I have a field F, with axioms that hold for $+ ,* ,- , /$ and it has a neutral elements $n$ and $e$ . Now, $F1$ is a set and $f:F\rightarrow F1$ a bijective function. I have to show that $F1$ with the following operations: $$x+y := f(f^{-1}(x) + f^{-1}(y))$$ $$x*y := f(f^{-1}(x) * f^{-1}(y))$$ $$-x := (-f^{-1}(x))$$ $$x^{-1} := f((f^{-1}(x))^{-1})$$
with the neutral elements $n1:=f(n)$ and $e1=f(e)$ is also a field.
The way I would solve this would simple be:
Because the fuinction is bijective, I can deduce that $f^{-1}(x) = x$ and $f^{-1}(y)= y$. Since F is a field, the newly defined operations e.g: $x+y :=f(x+y)$ obeys the field axioms and because the codomain is F1 $f(x+y) \in F1$
Any hints how I prove this formally?
Edit: Apparently I started the wrong way.

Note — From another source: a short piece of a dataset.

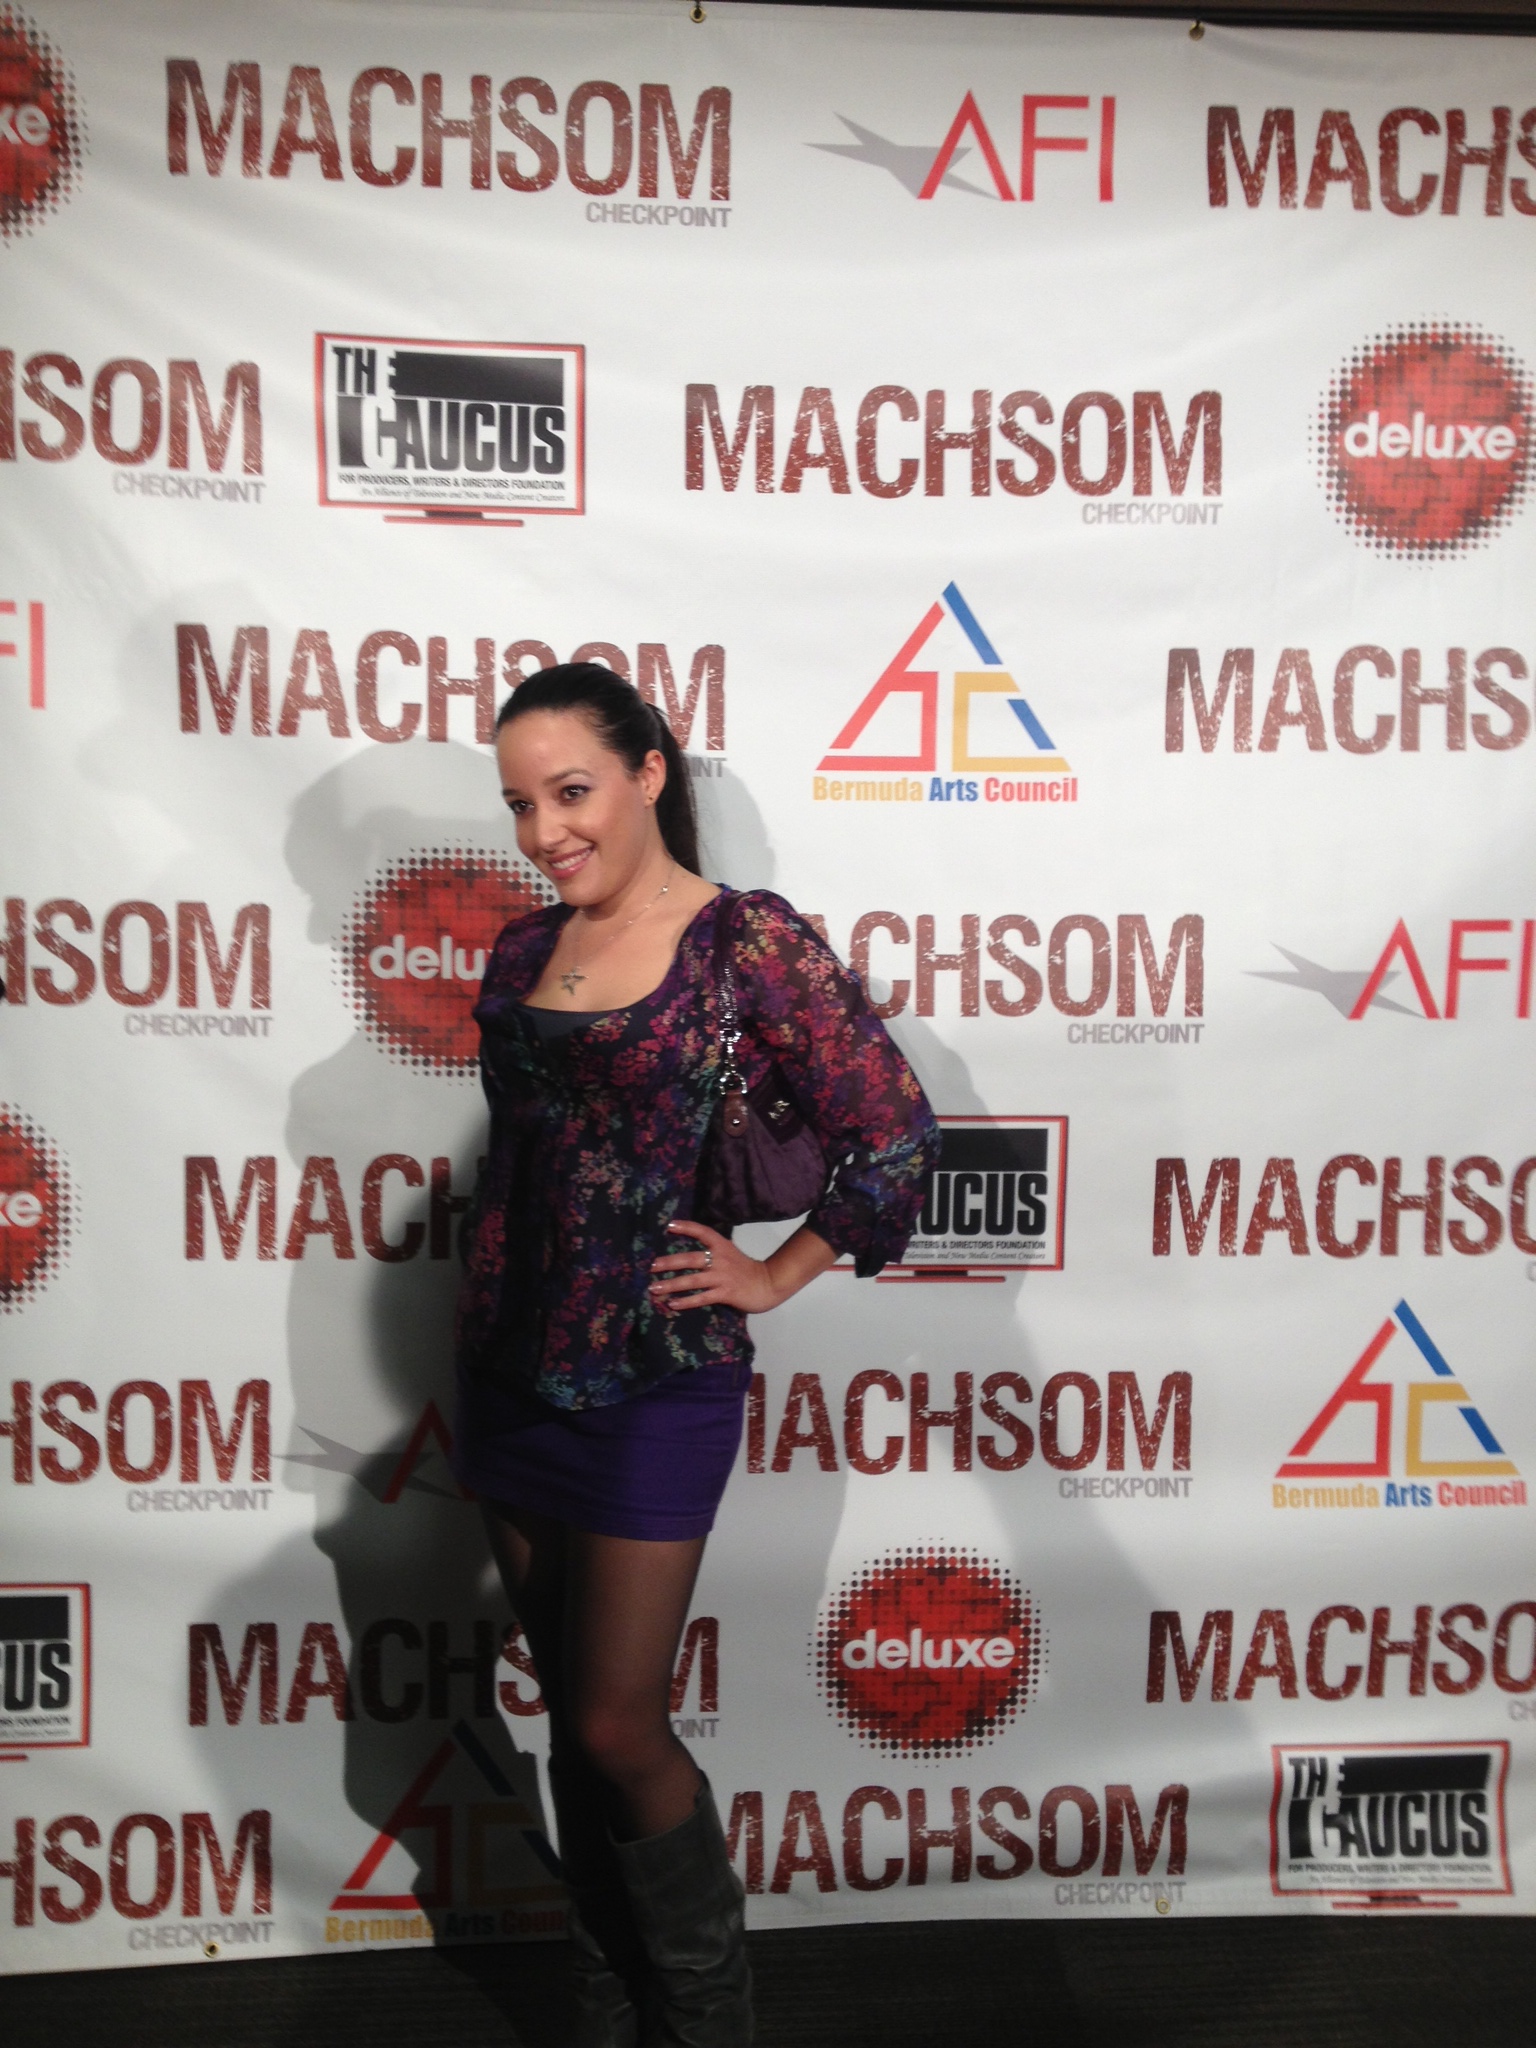 Machsom Premiere, AFI

It is rather tedious to prove all field axioms. To prove commutativity of $+$ you can show that if $x,y\in F_1$: $$x+y=f\big(f^{-1}(x)+f(y)\big)=f\big(f^{-1}(y)+f^{-1}(x)\big)=y+x$$ since addition is commutative between $f^{-1}(x)$ and $f^{-1}(y)$ which are elements of $F$.

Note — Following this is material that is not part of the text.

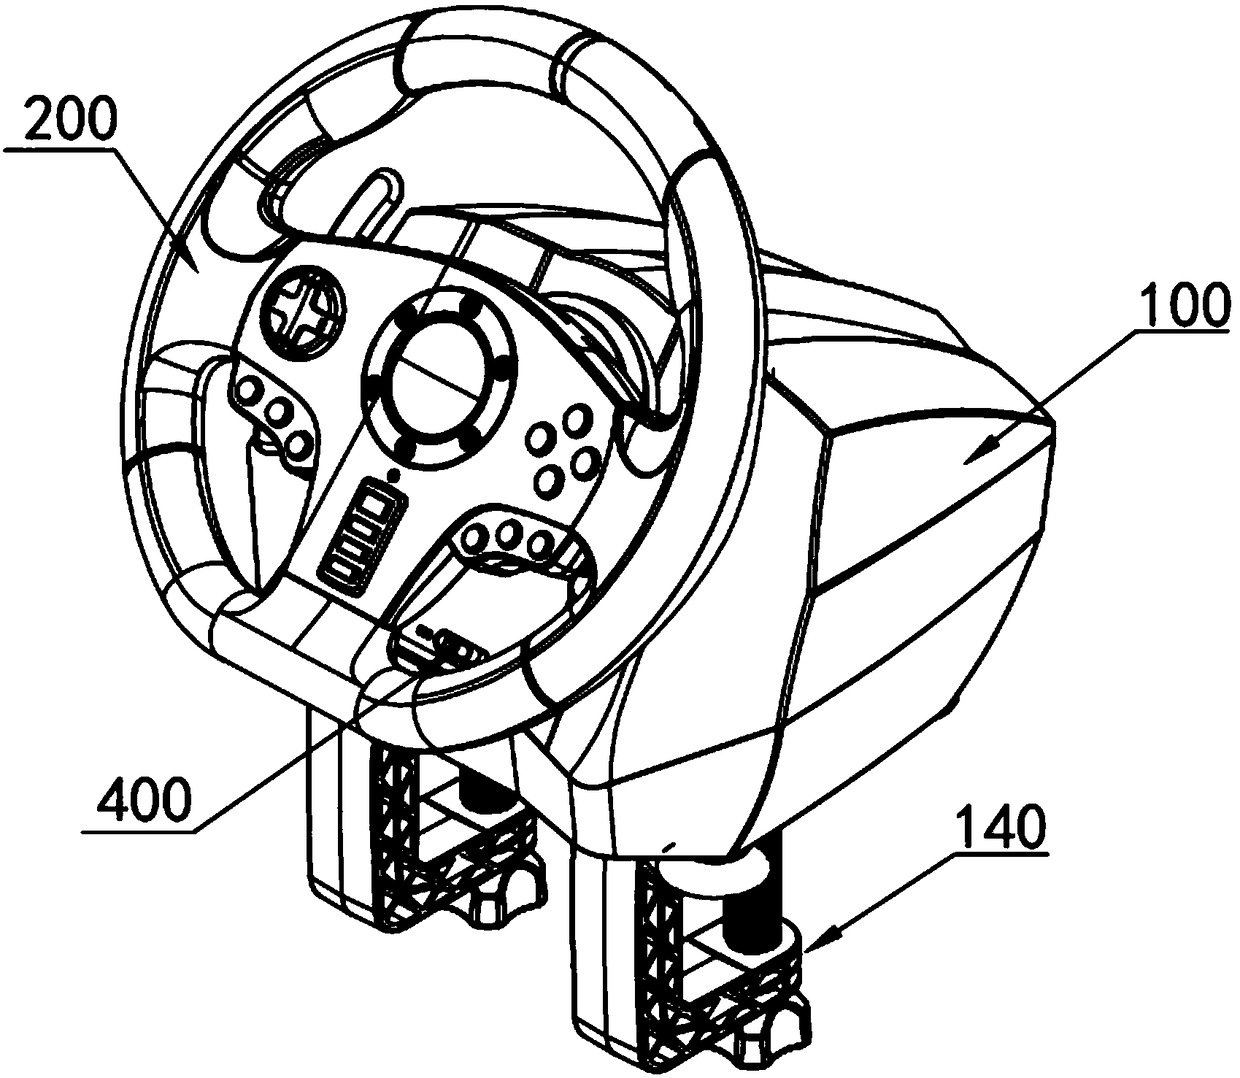 Multi-gear adjustable simulated game steering wheel

To prove distributivity, let $x,y,z\in F_1$ and let us show that $x*(y+z)=x*y+x*z$: $$x*(y+z)=x*f\big(f^{-1}(y)+f^{-1}(z)\big)=f\left(f^{-1}(x)*f^{-1}\Big(f\big(f^{-1}(y)+f^{-1}(z)\big)\Big)\right)$$ by definition. Since $f$ and $f^{-1}$ are inverse of one another, we get $$x*(y+z)=f\left(f^{-1}(x)*\big(f^{-1}(y)+f^{-1}(z)\big)\right)$$ Using distributivity in $F$ we get $$x*(y+z)=f\left(f^{-1}(x)*f^{-1}(y)+f^{-1}(x)*f^{-1}(z)\right)$$ In the mean time $$x*y+x*z=f\left(f^{-1}(x*y)+f^{-1}(x*z)\right)=f\left(f^{-1}(x)*f^{-1}(y)+f^{-1}(x)*f^{-1}(z)\right)$$ which shows that $x*(y+z)=x*y+x*z$.
The other axioms follow the same train of thought.